Before testing our agents on real—and therefore more complex—applications, we needed a controlled, reproducible, and well-documented experimental ground.

This naturally led us to crAPI, an open-source vulnerable application widely used for learning and evaluating application security techniques. In our approach, crAPI serves as an offensive sandbox, ideal for measuring an agent’s progress and refining the tools.

Custom XSS vulnerabilities were intentionally added to crAPI in order to increase the number of exploitation scenarios for our agents.

Retrieving a security program

Before starting, the first step consists of retrieving a security program whose target corresponds to crAPI. This operation is performed via our MCP server.

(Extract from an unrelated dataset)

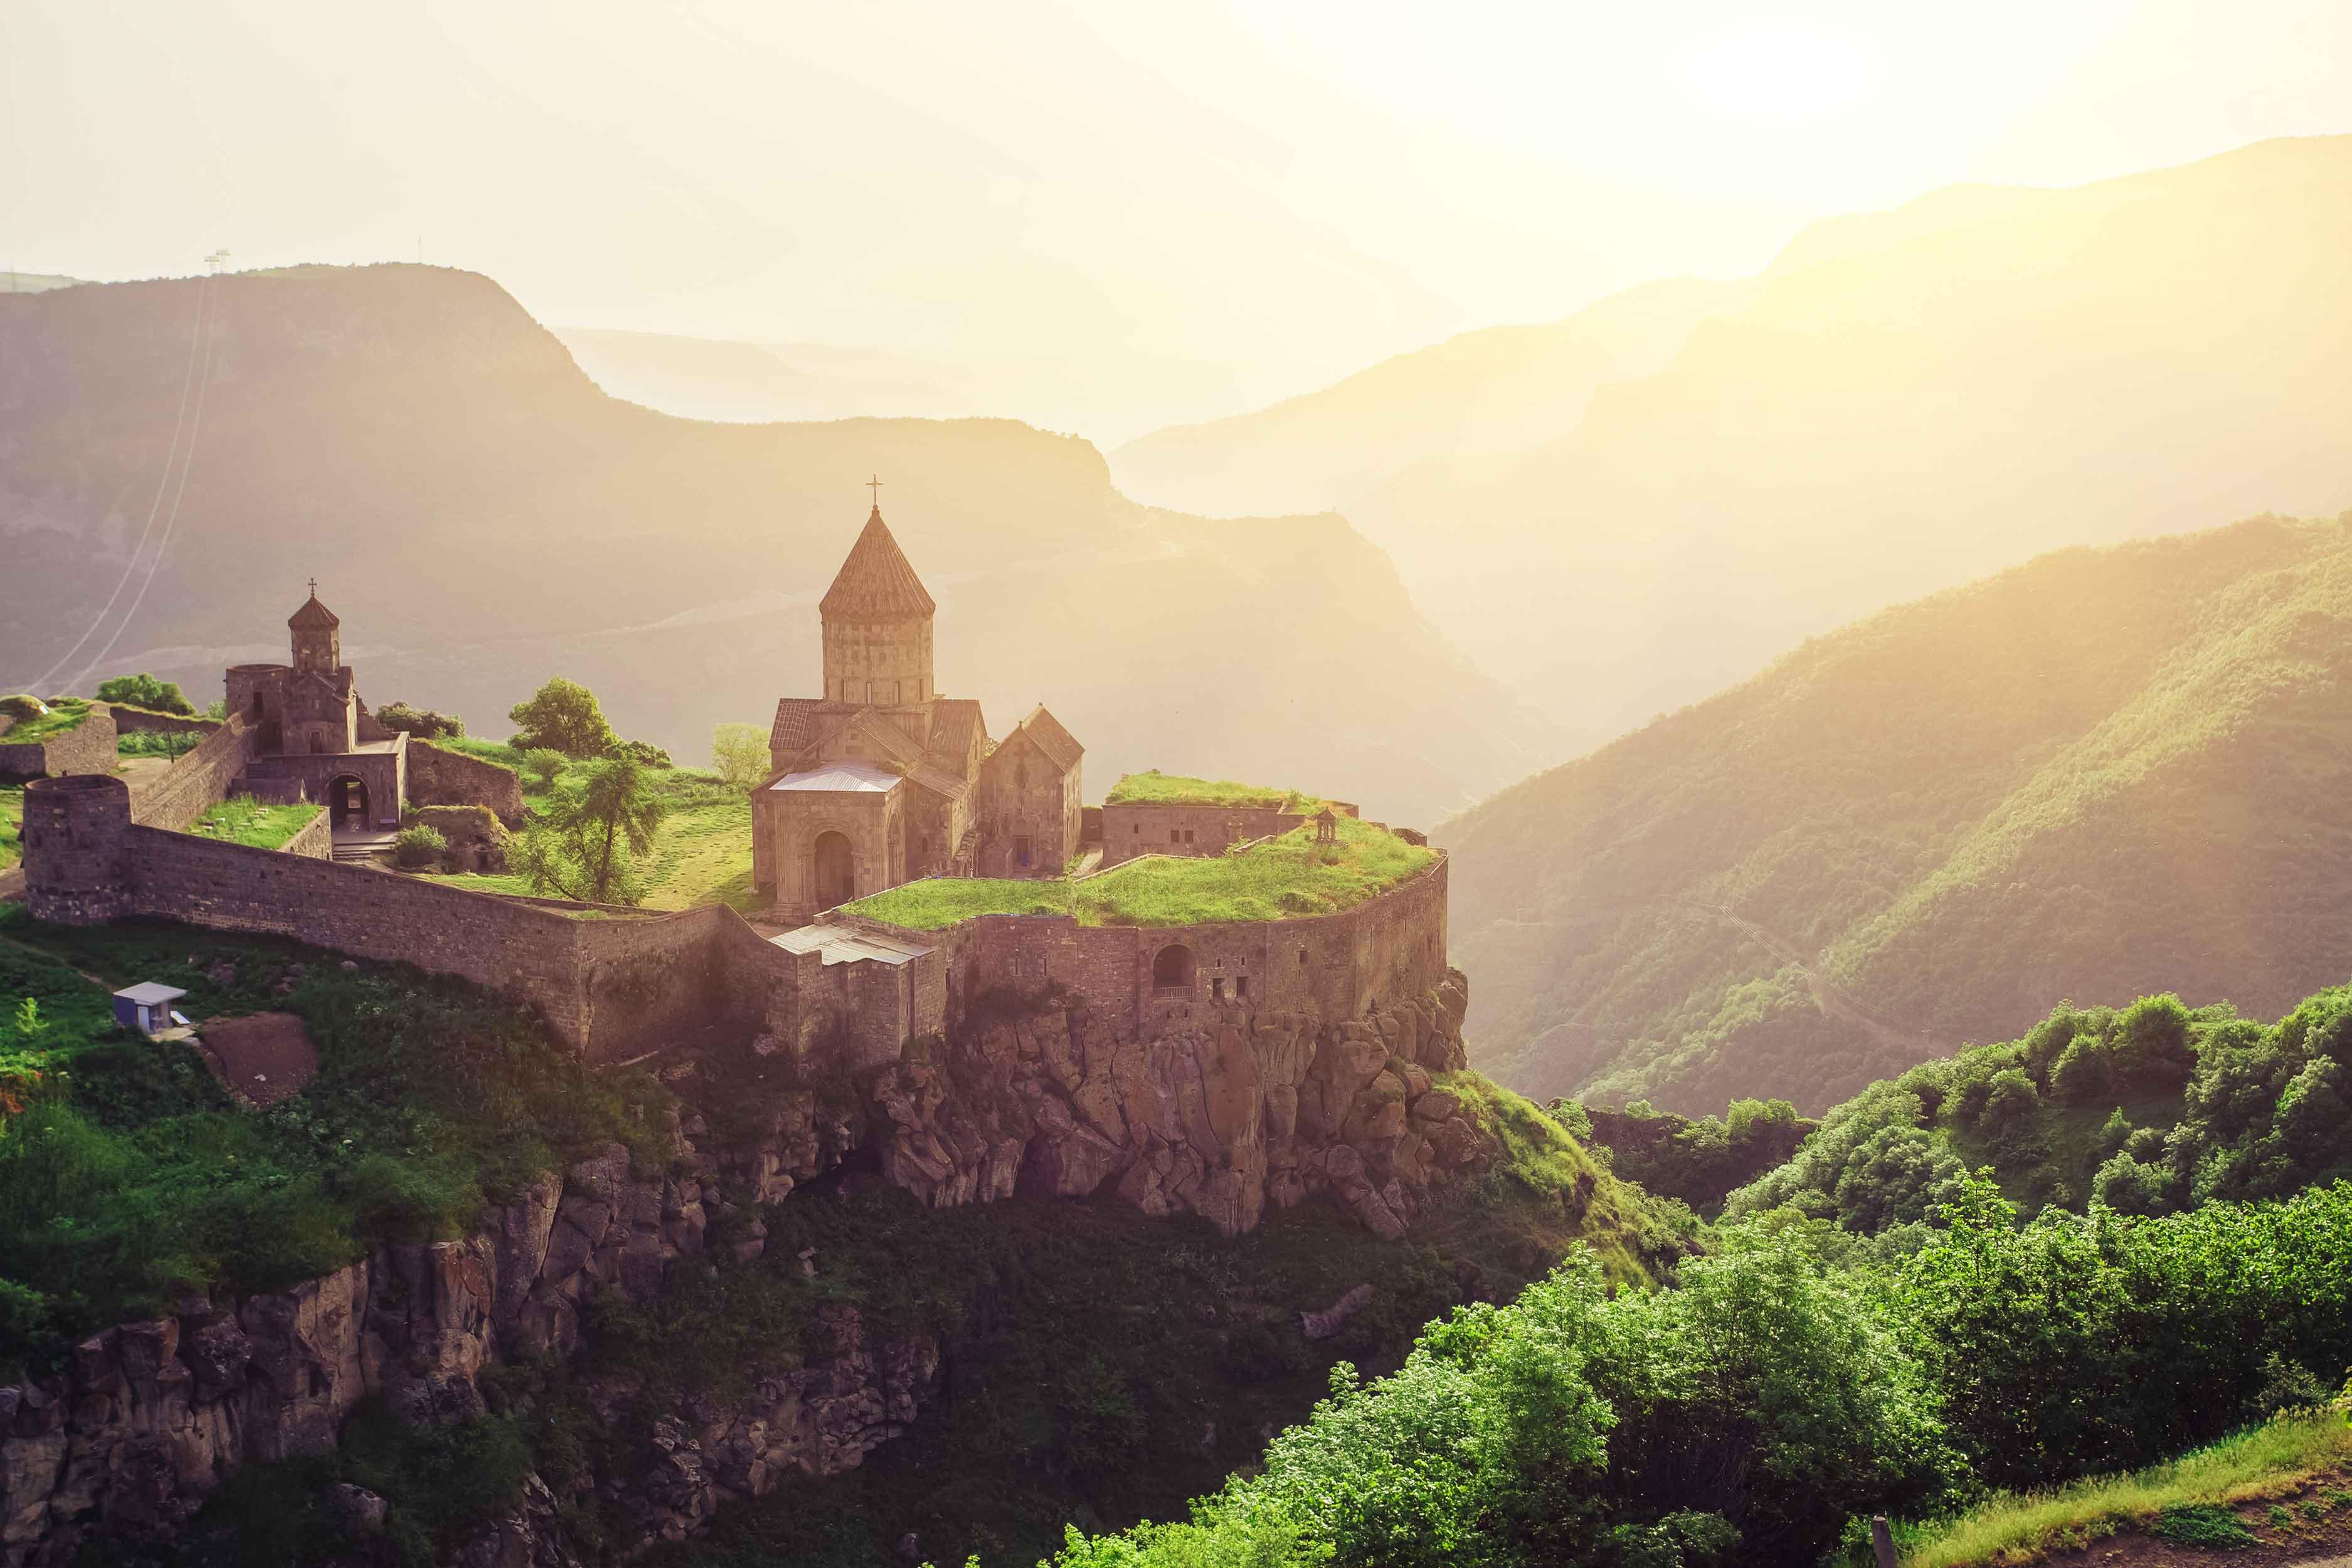 Татевский монастырьcкий комплекс, Сюникская область, Армения

The Yogosha MCP server exposes the get_a_program tool, which allows for the retrieval of a security program (pentest, bug bounty, VDP).

The agent will therefore retrieve the given program, ensure that it is indeed open and accessible to the user triggering the workflow, and then format a result that will be used by the other agents.

{
    "id": "UUID",
    "name": "Crapi API",
    "state": "online",
    "scope": [
        "crAPI"
    ],
    "asset": {
        "type": "api"
    }
}

Reconnaissance Phase

Once the target is identified, the reconnaissance phase is broken down into four steps :

Network Reconnaissance (Network Analyst Agent)
Technology Reconnaissance (Technologies Analyst Agent)
Fuzzing Reconnaissance (Fuzzing Analyst Agent)
Functional Reconnaissance (Product Analyst Agent)

We won’t detail every block, but rather zoom in on two agents: Fuzzing Analyst & Product Analyst, as they best illustrate the capabilities of an LLM coupled with the right tools and prompts.

Product Analyst Agent

The objective of this agent is to provide a product analysis of the target to other agents/teams. To perform this reconnaissance, it uses our Web Explorer MCP server, which allows it to interact with a browser.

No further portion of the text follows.